Drive from Hammond to La Porte and you cross most of Northwest Indiana's identity: steel-town grit near the Illinois line, university energy in Valparaiso, lakefront tourism in Michigan City. Best of the Region puts a business from any of those towns on the exact same ballot. That's the whole design.

The Times of Northwest Indiana (Times Media Company), publisher of nwi.com, runs it as one region-wide program rather than the city-by-city format most Indiana papers use. Lake, Porter, and LaPorte counties vote together. A Munster dentist and a Portage auto shop can end up in adjacent rows of the same category. The official hub sits at nwi.com/contests/readerschoice/, with the live public ballot at nwi.com/bestof.

Why bother building a three-county ballot instead of twelve small-town ones? Reach. Nearly three-quarters of a million votes came in during the 2025 cycle, a number no single-town Indiana best-of program gets close to. More than 800 businesses were named winners at an in-person event at County Line Orchard. That scale is the payoff for merging the counties; it's also why category placement matters more here than it would on a smaller ballot.
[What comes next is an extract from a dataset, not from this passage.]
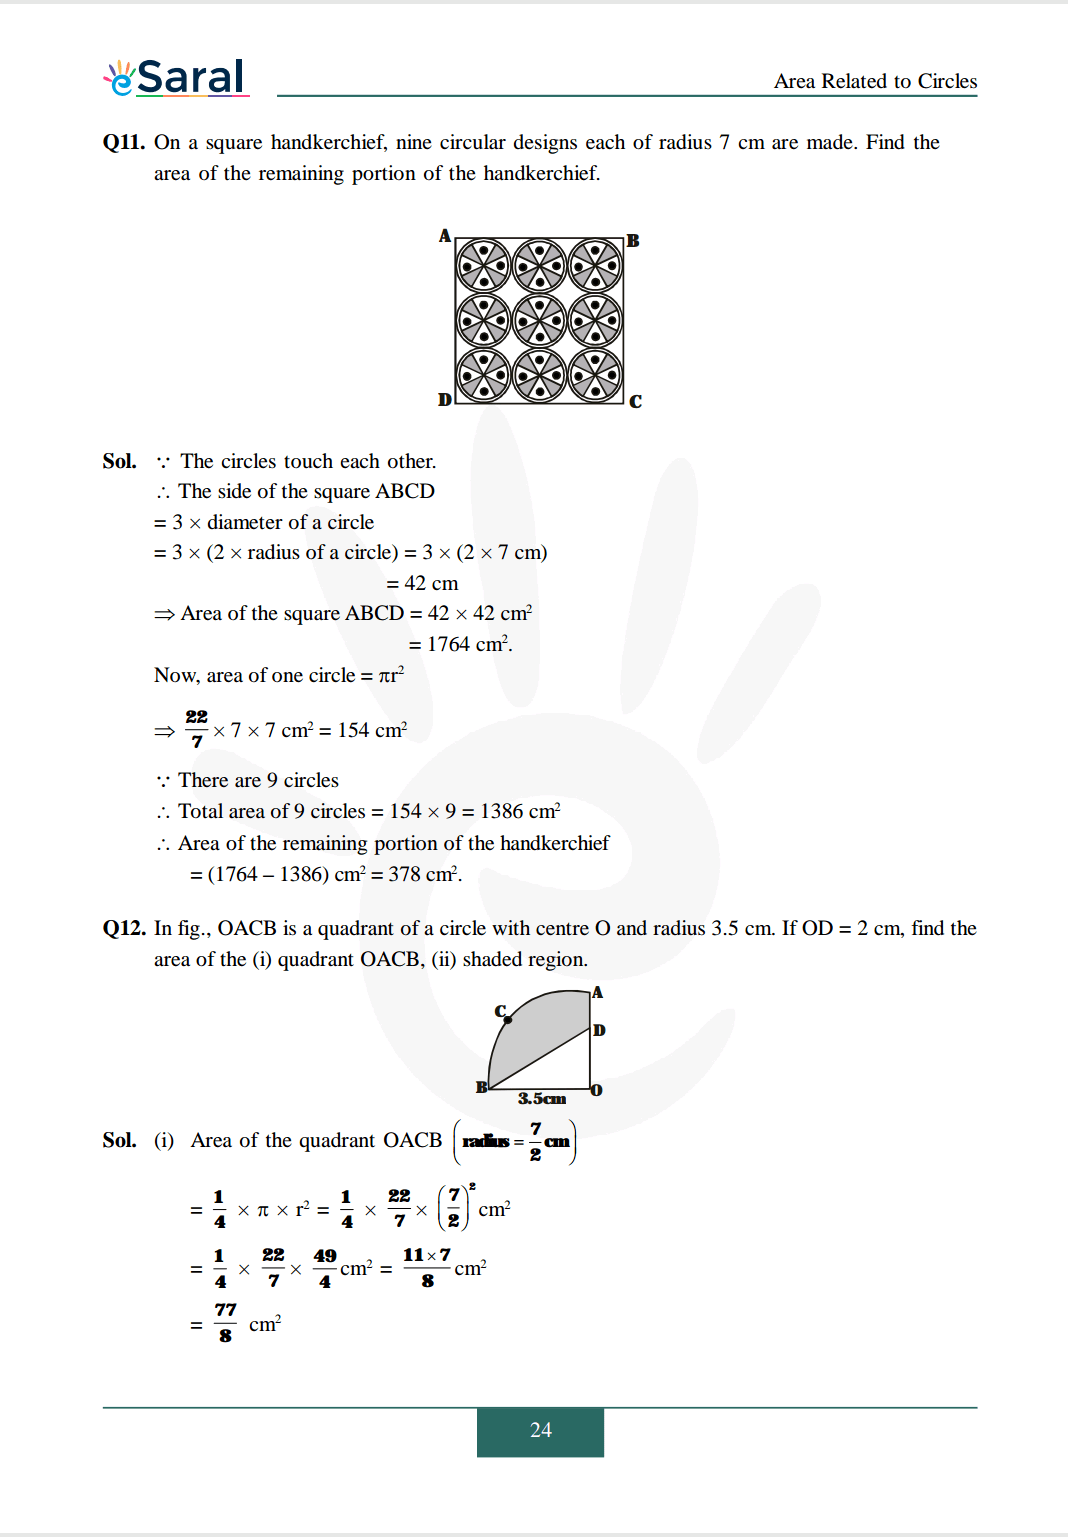 Chapter 12 exercise 12.3 solutions Image 10

Best of the Region quick facts
ItemDetail
OrganizerThe Times of Northwest Indiana (Times Media Company)
Official sitenwi.com/contests/readerschoice/ and nwi.com/bestof
Program age5+ years, confirmed annual
2025 scaleNearly three-quarters of a million votes cast
Winners800+ honored at an in-person event at County Line Orchard
Vote ruleDaily voting during the open window, per the live ballot
Geographic scopeLake, Porter, and LaPorte counties (one combined ballot)

For state-level context, see the Indiana contest hub; for the national picture, the USA contest index.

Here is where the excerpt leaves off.